The kids need to know what it’s like to just walk in the woods, wade in a stream, look at waterfalls or just hunt for agates on the north shore of Lake Superior.
The Arroyo Secco was a gully (wash, wild habitat) back then.
I’m sitting here laughing at Thomas’s reference to Tin Can beach. My Dad always talks about his trips to Tin can beach. Alas, that was before they finally cleaned it up.
I’m so glad that most of my life was spent on a ranch in Arizona, where I was outside more than in, camping, and hiking are just part of my life, like taking a shower or brushing my teeth….just there.
I’ll be taking my final year of law in the fall, and specializing in animal rights/and habitat…..I’ll be the guy fighting the assholes in court that want to kill that wolf that Jim is wrestling to fit with a transponder. I envy Jim.
Growing up in a crime-infested ghetto with parents that loved to stay home and whom were pycho protective about my safety, I stayed home all the time except for school, shopping with parents and going to the park on Sundays. My entire summers were spent looking out of the fifth story window watching the action out on Broadway isolated from everyone, even my family.

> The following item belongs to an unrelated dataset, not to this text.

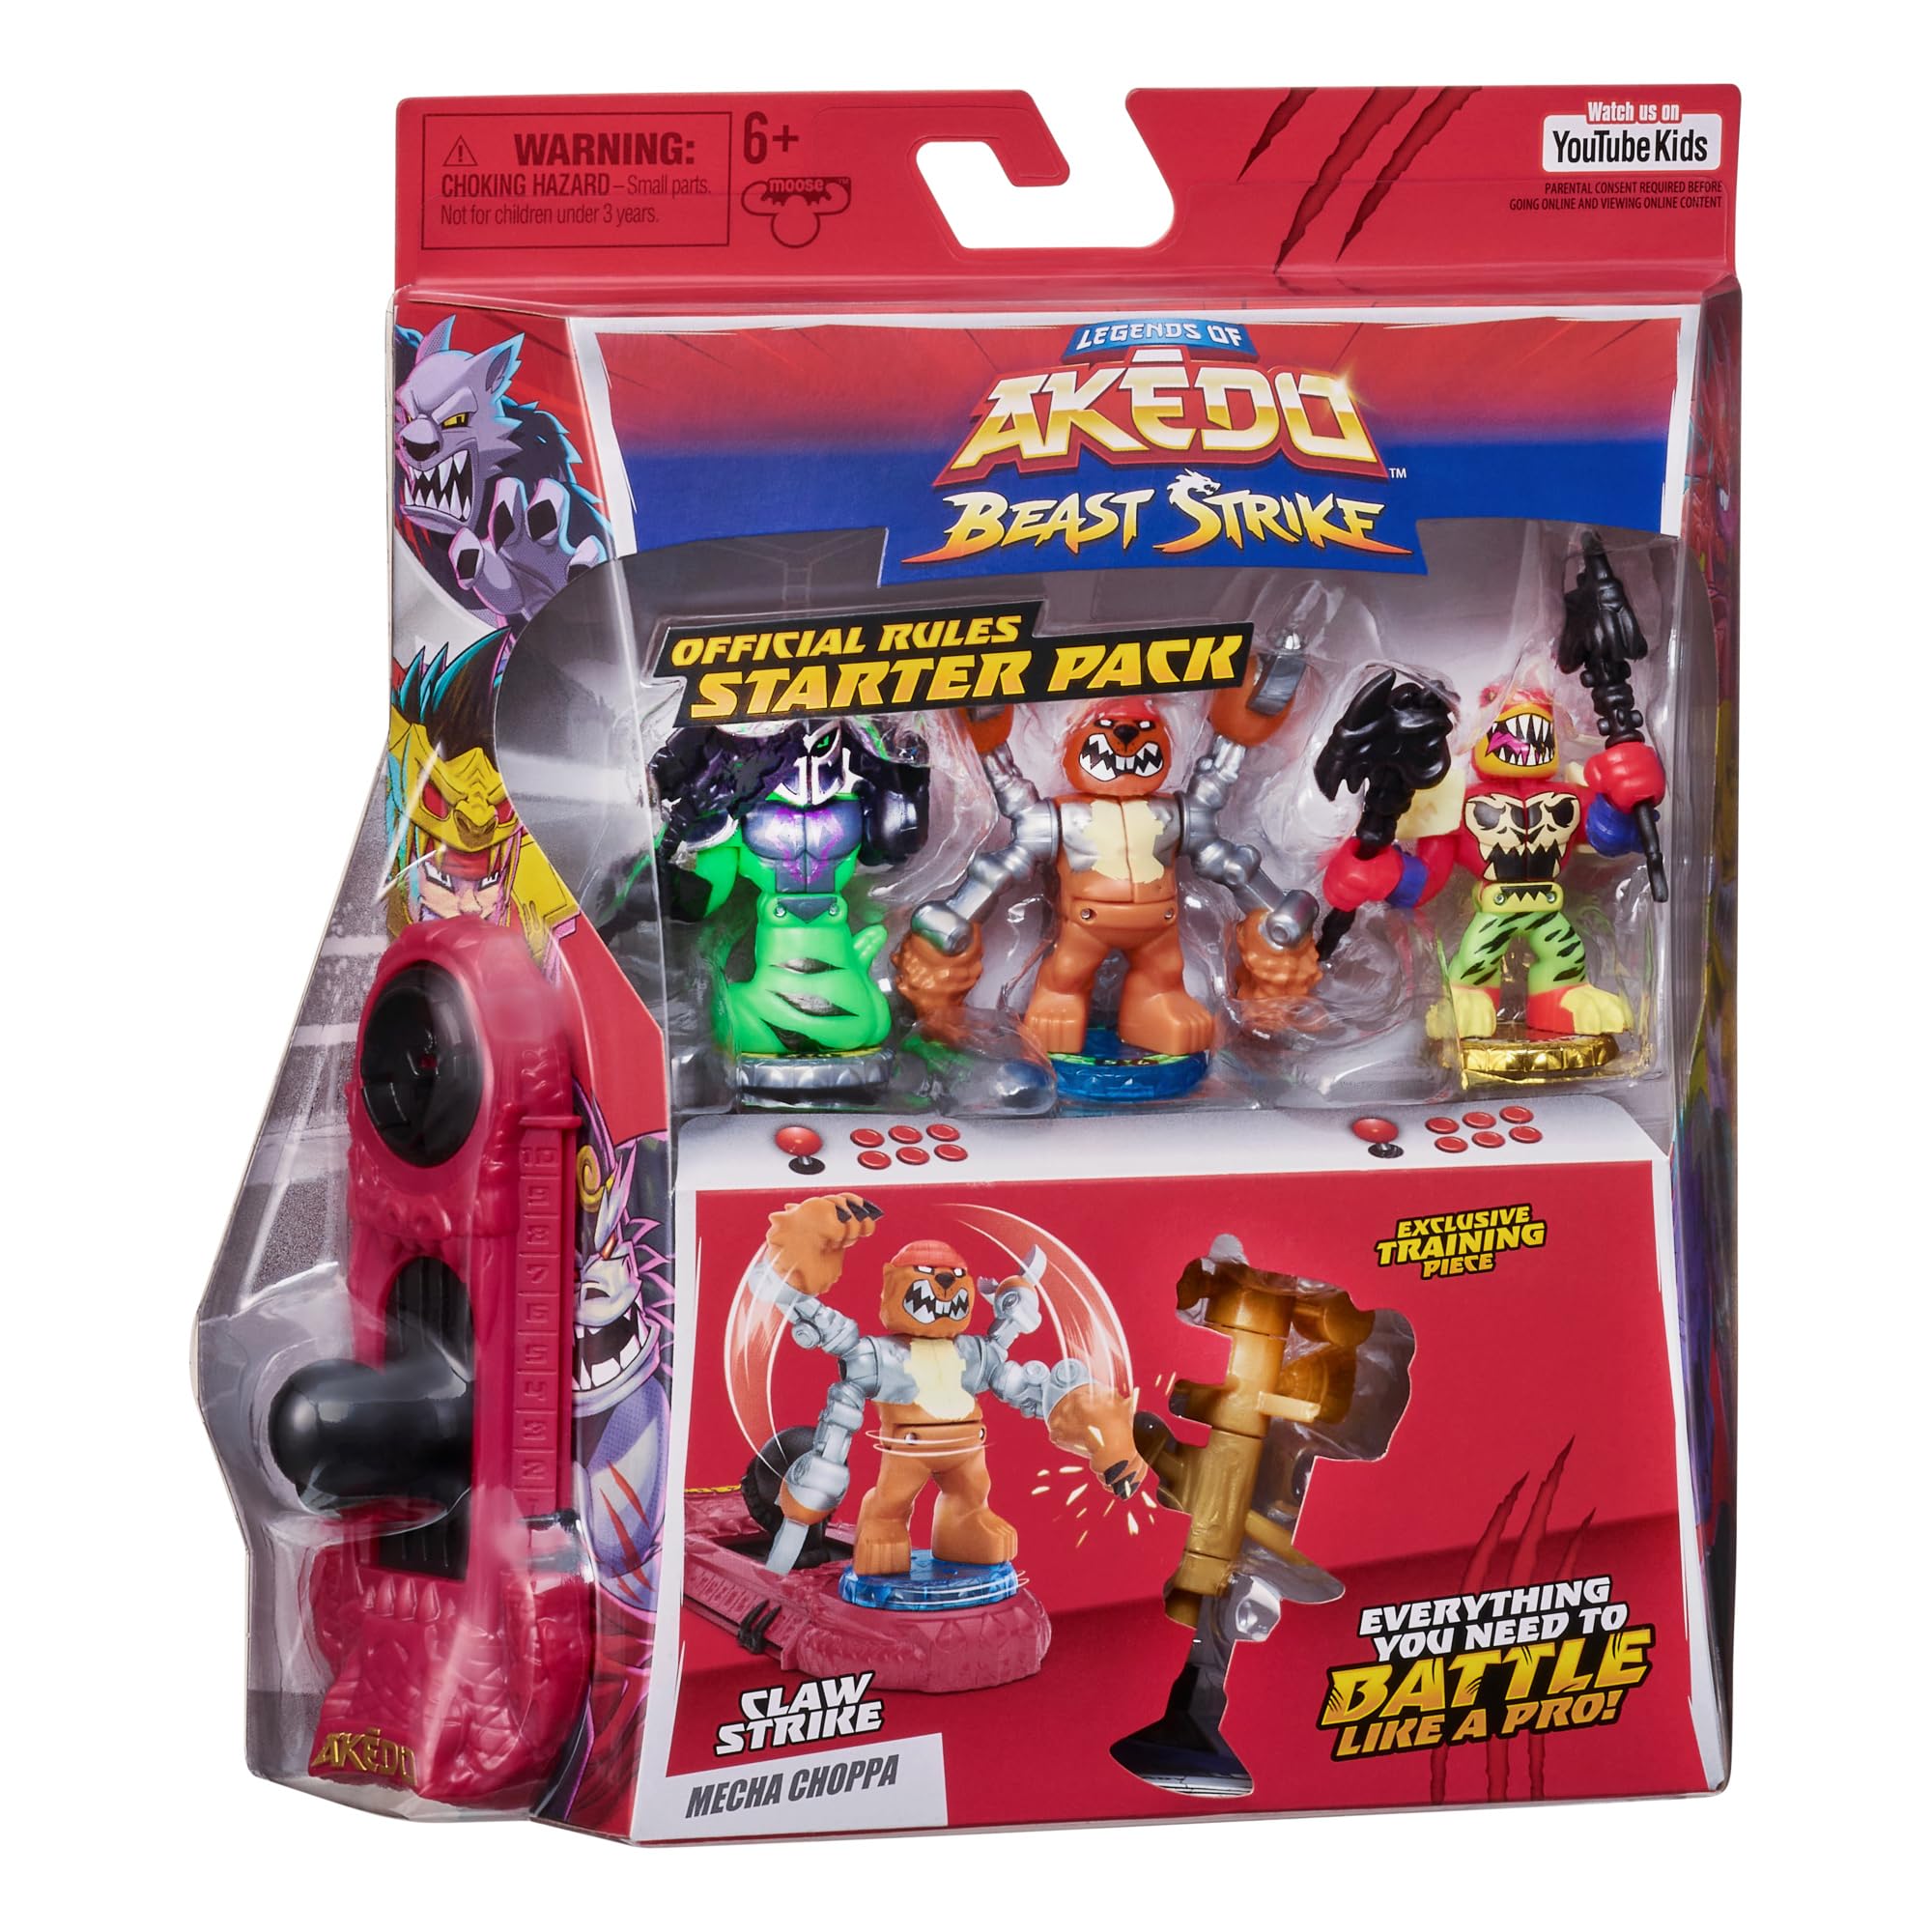 Legends of Akedo Beast Strike - Official Rules Claw Strike Starter Pack - 3 Mini Battling Warriors with Training Practice Piece and Exclusive Joystick Controller

Today, as I was driving near the Atlantic sea coast in New York City, also known as Brighton Beach/Coney Island I was struck by the beauty of the white clouds against a clear blue sky. I had a moment, a kind of relgious moment, that everything became clear to me. That dying didn’t matter. That being born was the greatest gift ever given to me. I started crying and sobbing. Tears of happiness, joy and gratefulness for a world that is staggering beautiful. A world that for whatever reason, God gave me the ability to understand. I took a walk on the boardwalk. So windy. Seagulls followed the powerful winds. One man fishing on the long pier and mussels clinging to the jetty against the mighty waves. Who created this miracle? Who gave me the world to enjoy? The answer can be known. Nature is the answer. Concrete blocks that answer.
Spent my playtime as a kid in a wooded buffer strip around the farmer’s field behind our house. Later I joined Boy Scouts (which didn’t do me any harm). Still a hiker and general outdoor enthusiast.